Some of the miner’s worse performance depends on pandemia. However, there were other “one -time” factors: China’s four -year Australian Australian thermal coal imports and some types of copper forced the demands to find new markets by disrupting demand.

And then there is air. Mining productivity, such as agriculture, is strongly affected by weather conditions. The heavy rain, floods and storms affecting the production and exports of the iron ore hit Pilbara again and again. Rio Tinto also suffered from the problems of port and ore quality in some of the company’s mines. The 2019 Bushfires had a small impact on mine output in NSW and Queensland regions, followed by 2020 floods and storms that significantly affected mines and ports along the east coast and especially in the central Queensland and Hunter Valley coal export complexes. In Queensland and NSW, there were floods affecting coal mining and export volumes in 2021 and 2022.
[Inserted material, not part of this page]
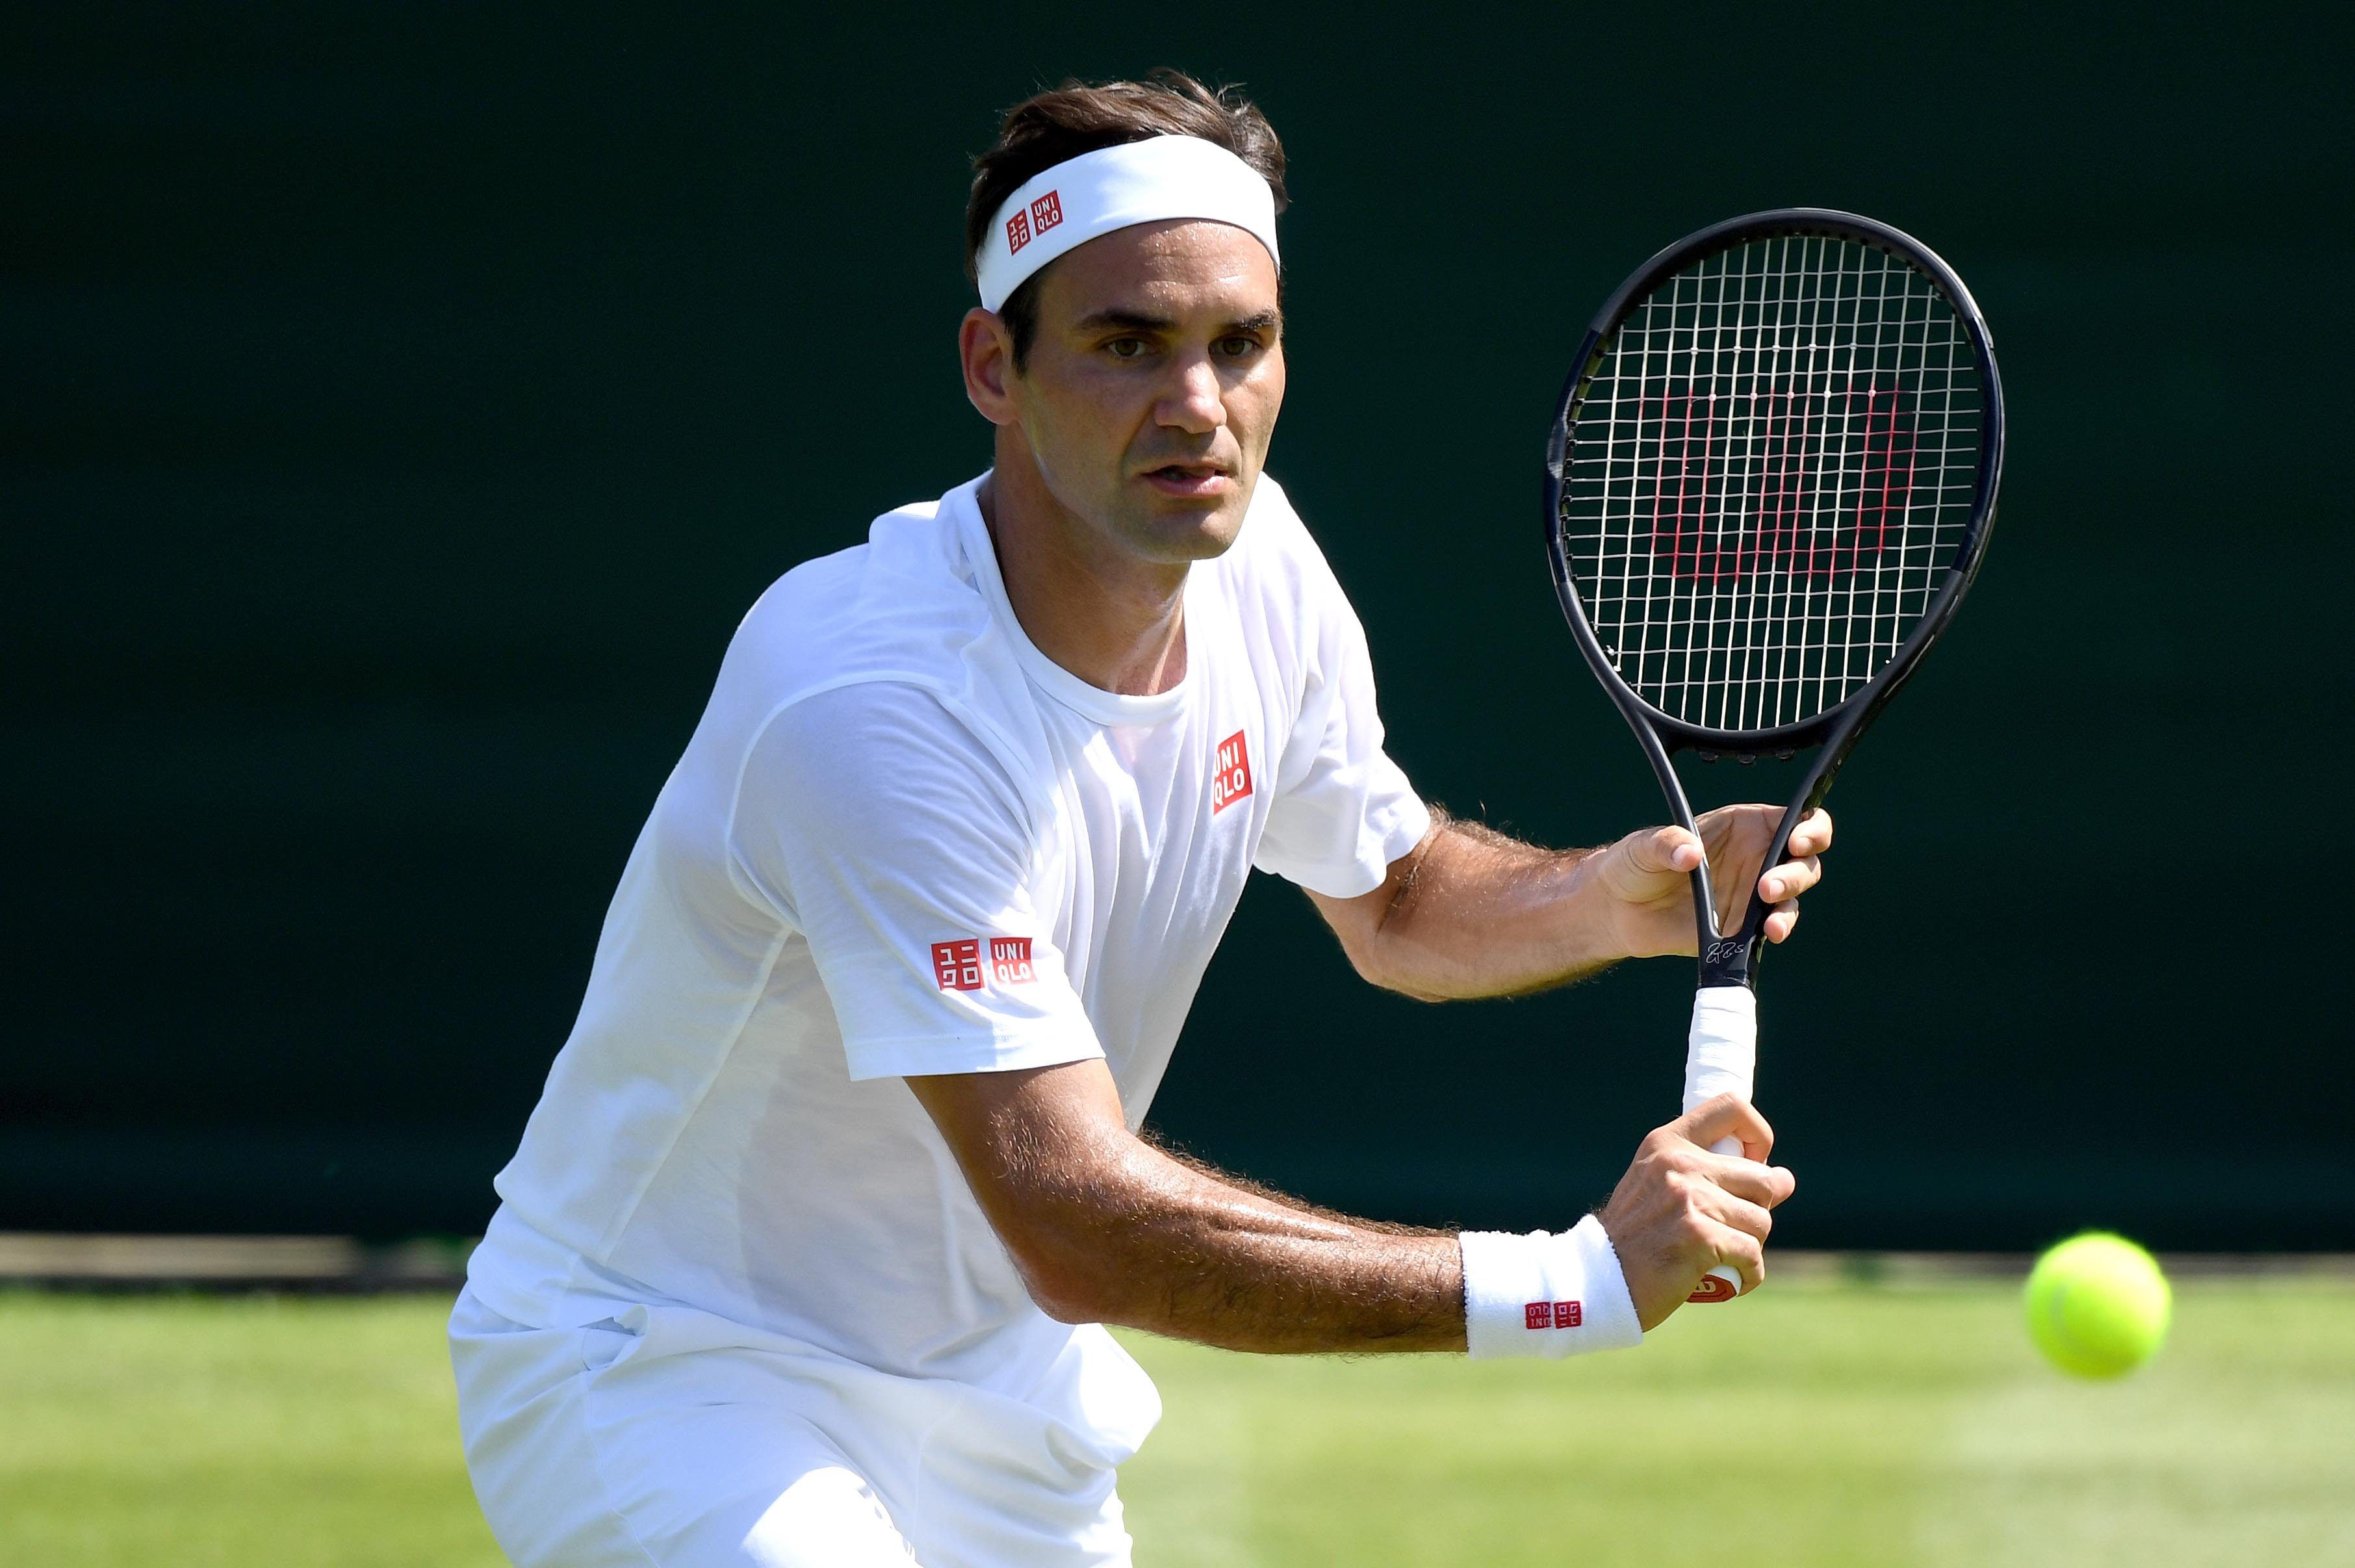 Wann spielt Roger Federer als nächstes? Wann spielt Federer in Wimbledon?

Cy cyclones such as tropical cyclone megan disrupted operations and cause damage (forcing the world’s largest manganese mine in Groote Eylandt to close for more than a year in 2023). In most of the WA Gold Mining Sector, heavy storms and rain have stopped mining in more than a dozen mining in recent years, limited production and increased costs.

Throughout such events, like mining companies and other enterprises, it holds the personnel in the hands of the ongoing labor shortage. Less output plus more workers are equal to lower productivity.
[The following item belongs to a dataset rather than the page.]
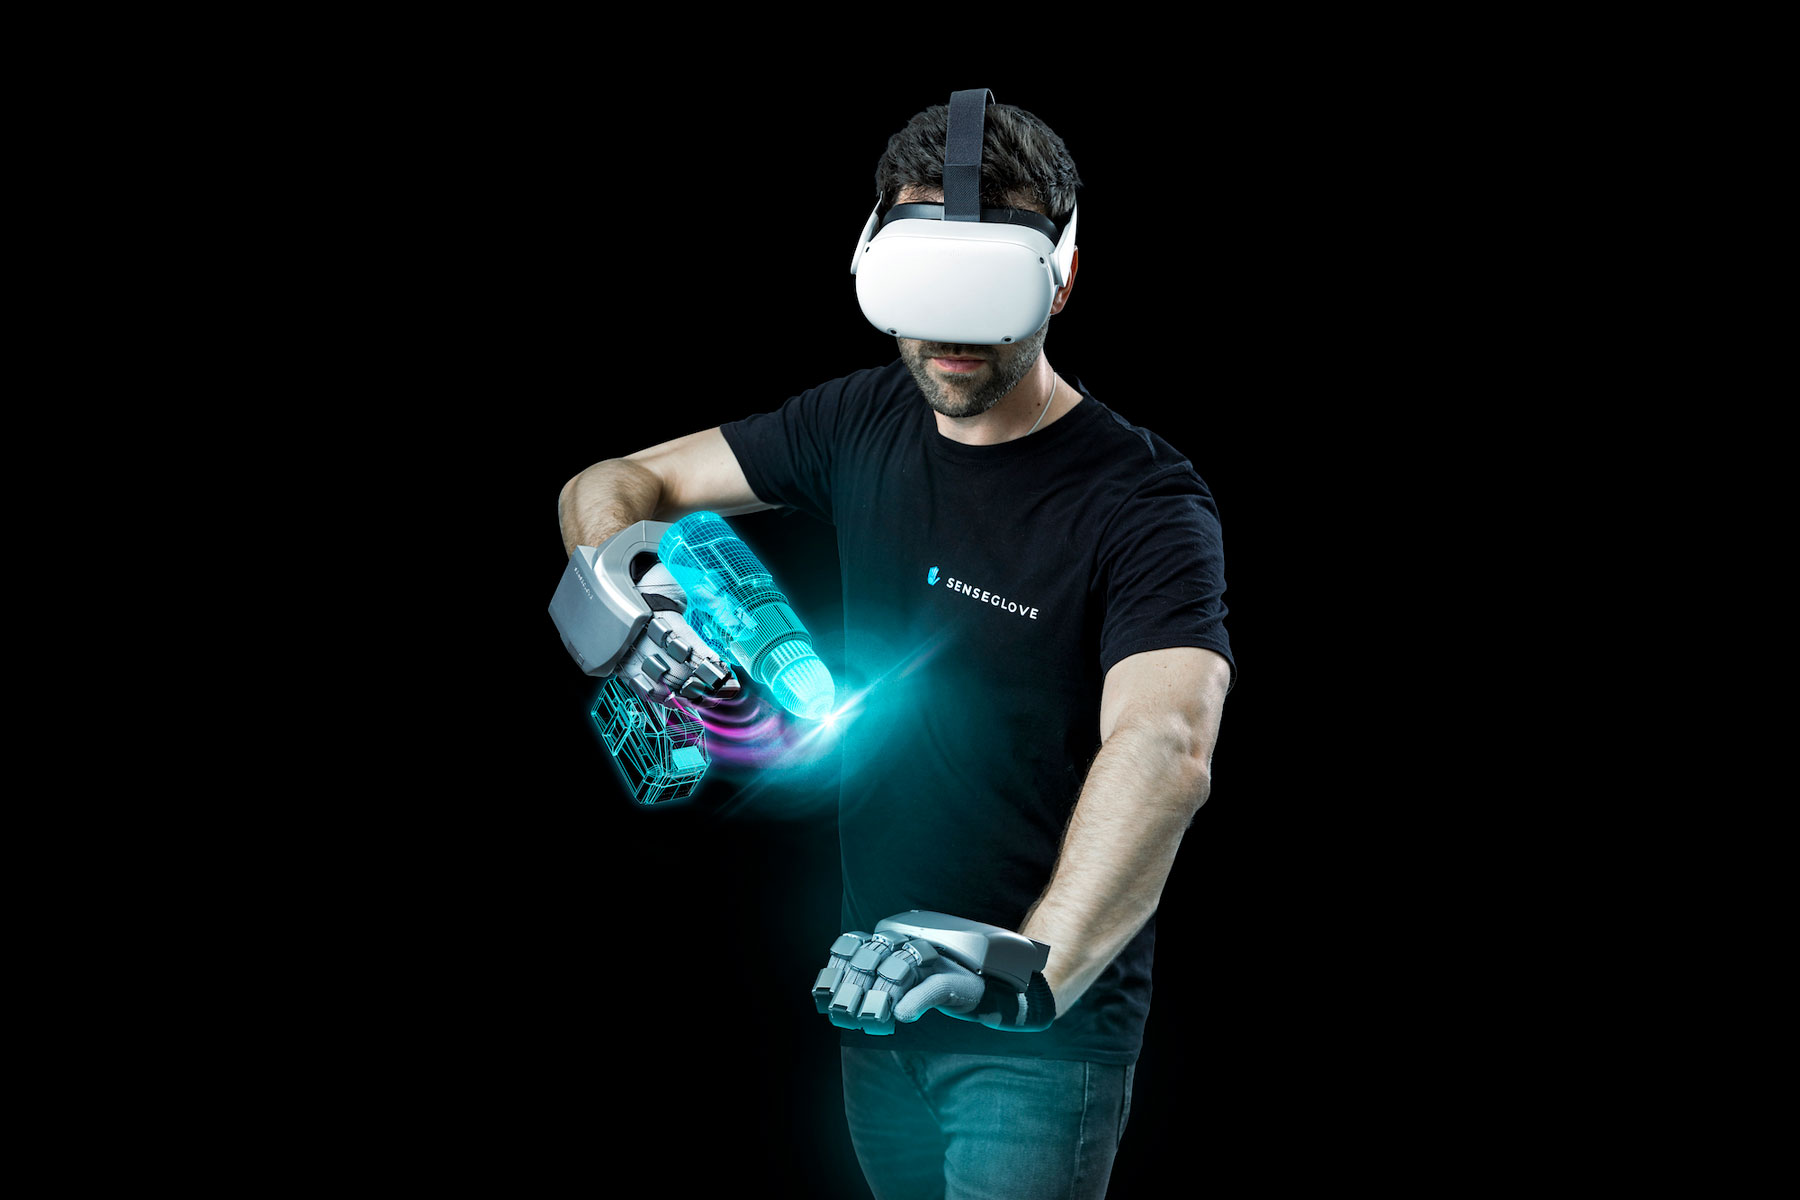 senseglove virtual reality glove

Although individual weather events also have a one -in -law, they become more frequently considering the climate crisis fed by the deterioration of coal and gas exports. The slowdown of our demand for our commodities in China will have effects on the production of Australian mining, such as Trump’s tariff chaos.

RBA correctly notes that there is a problem of productivity even after switching to maintenance economy and mining. However, both of them show that there is no regulatory revision that will solve a magic reform, tax cliché, attack on workers’ rights, government investment and productivity, despite all the creaks from the Galahs. The deceleration is directed by factors such as demography and climate that it cannot do anything, as it is elsewhere in the Western world, or in the case of climate – in case of climate.

Is there anything to do about Australia’s delay efficiency?